Indeed, some historians claim the Kennedys actively thwarted Shriver’s political career—a claim his son mentions but doesn’t necessarily credit.

“My father never talked to me about it—that’s why I didn’t take a position. So I never say historically that it did or didn’t happen,” Shriver tells me. “He never thought about it. He never complained about it. He never said to me or to any of my friends, after he’d had a drink, ‘I got shortchanged.’ Or ‘screwed.’ None of that.”

Shriver adds: “When you get married in 1953, you know that Jack had been elected to the Senate, and I assumed he knew that he was getting into a family that was very driven. The great thing about him is he didn’t care about his own legacy. He never talked about it, because it was never about the past with him.
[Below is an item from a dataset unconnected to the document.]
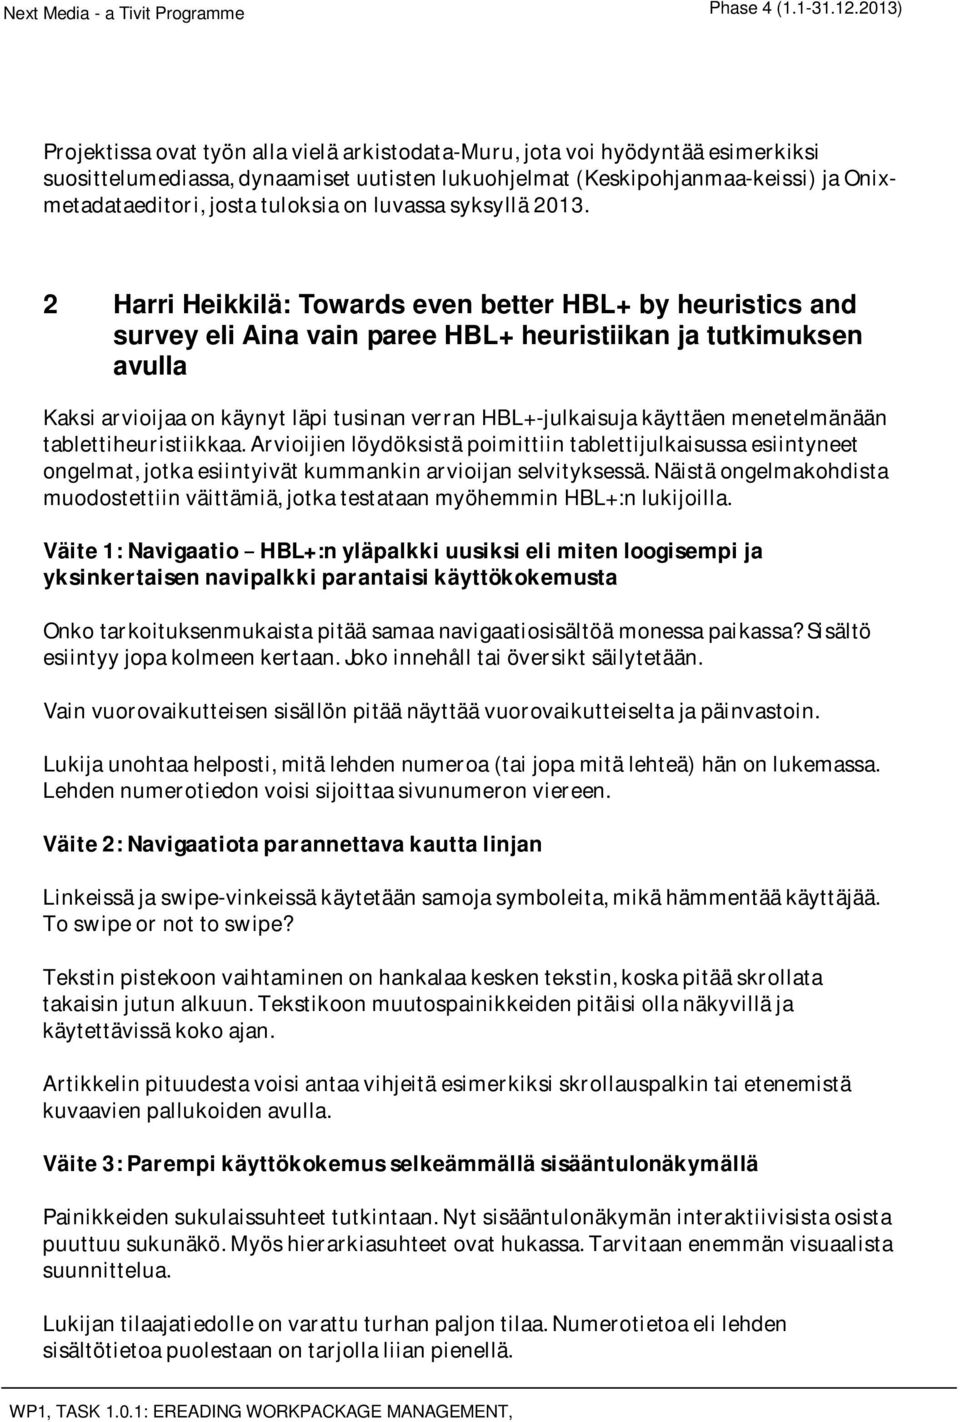 2 Harri Heikkilä: Towards even better HBL+ by heuristics and survey eli Aina vain paree HBL+ heuristiikan ja tutkimuksen avulla
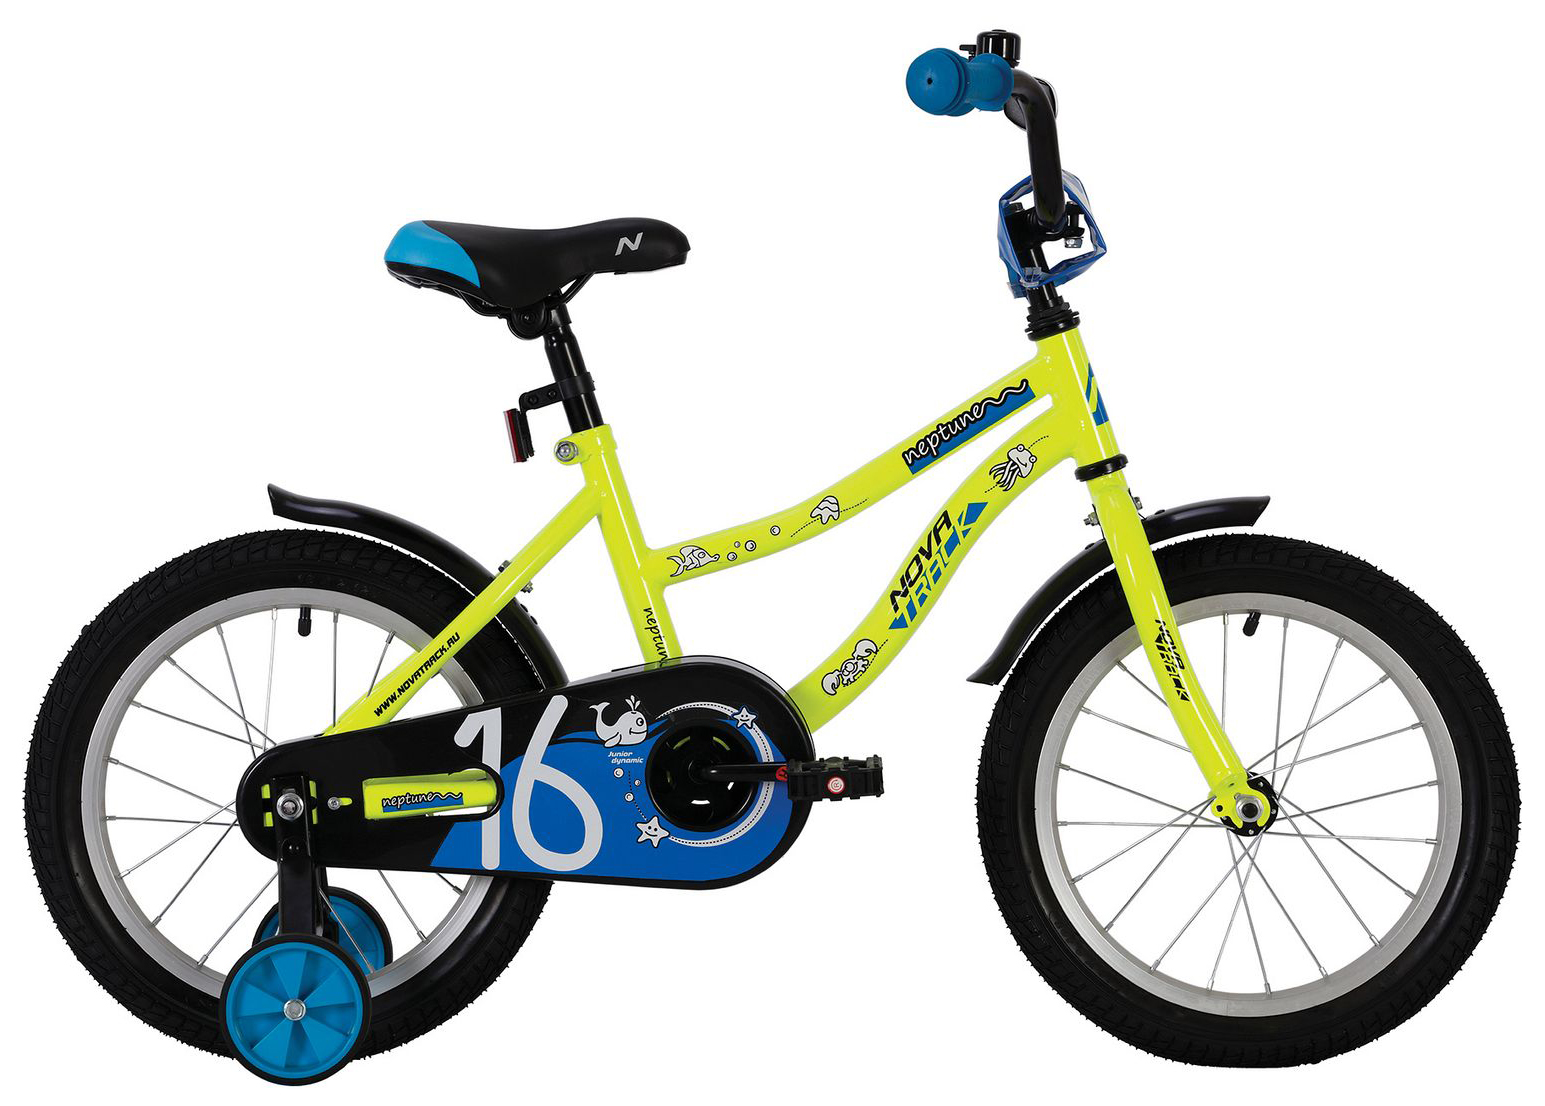  Отзывы о Детском велосипеде Novatrack Neptune 14 2020

It was always about the future and how exciting the future could be if we worked together. It was eternal optimism.”

Eunice, who died in August 2009, a year and half before her husband, was in the same mold—and fiercely supportive of her children. Whenever Maria Shriver published a new book, “My mom would go from Barnes & Noble to Borders, would literally grab 10 copies of Maria’s book, walk right up to the cash register in front, take the other books off the display and put Maria’s books there," Mark says. "That’s how she spent her Saturdays and Sundays.”

Notably absent from a book that celebrates family is any reference to Arnold Schwarzenegger, the Shriver clan’s least favorite in-law. Maria’s conspicuously unfaithful spouse is simply not mentioned.

“He’s not?” Shriver parries with a laugh.

Maria is doing just fine, he adds. “She’s got a new place, she’s got four beautiful kids and she’s strong and supported and loved by her family,” Shriver says. “She’s got a lot of friends and four brothers who are really supportive of her, and kids who’ve got a lot of cousins who love her kids. And that’s what’s gonna keep her strong—and all of us strong. That’s what’s important.”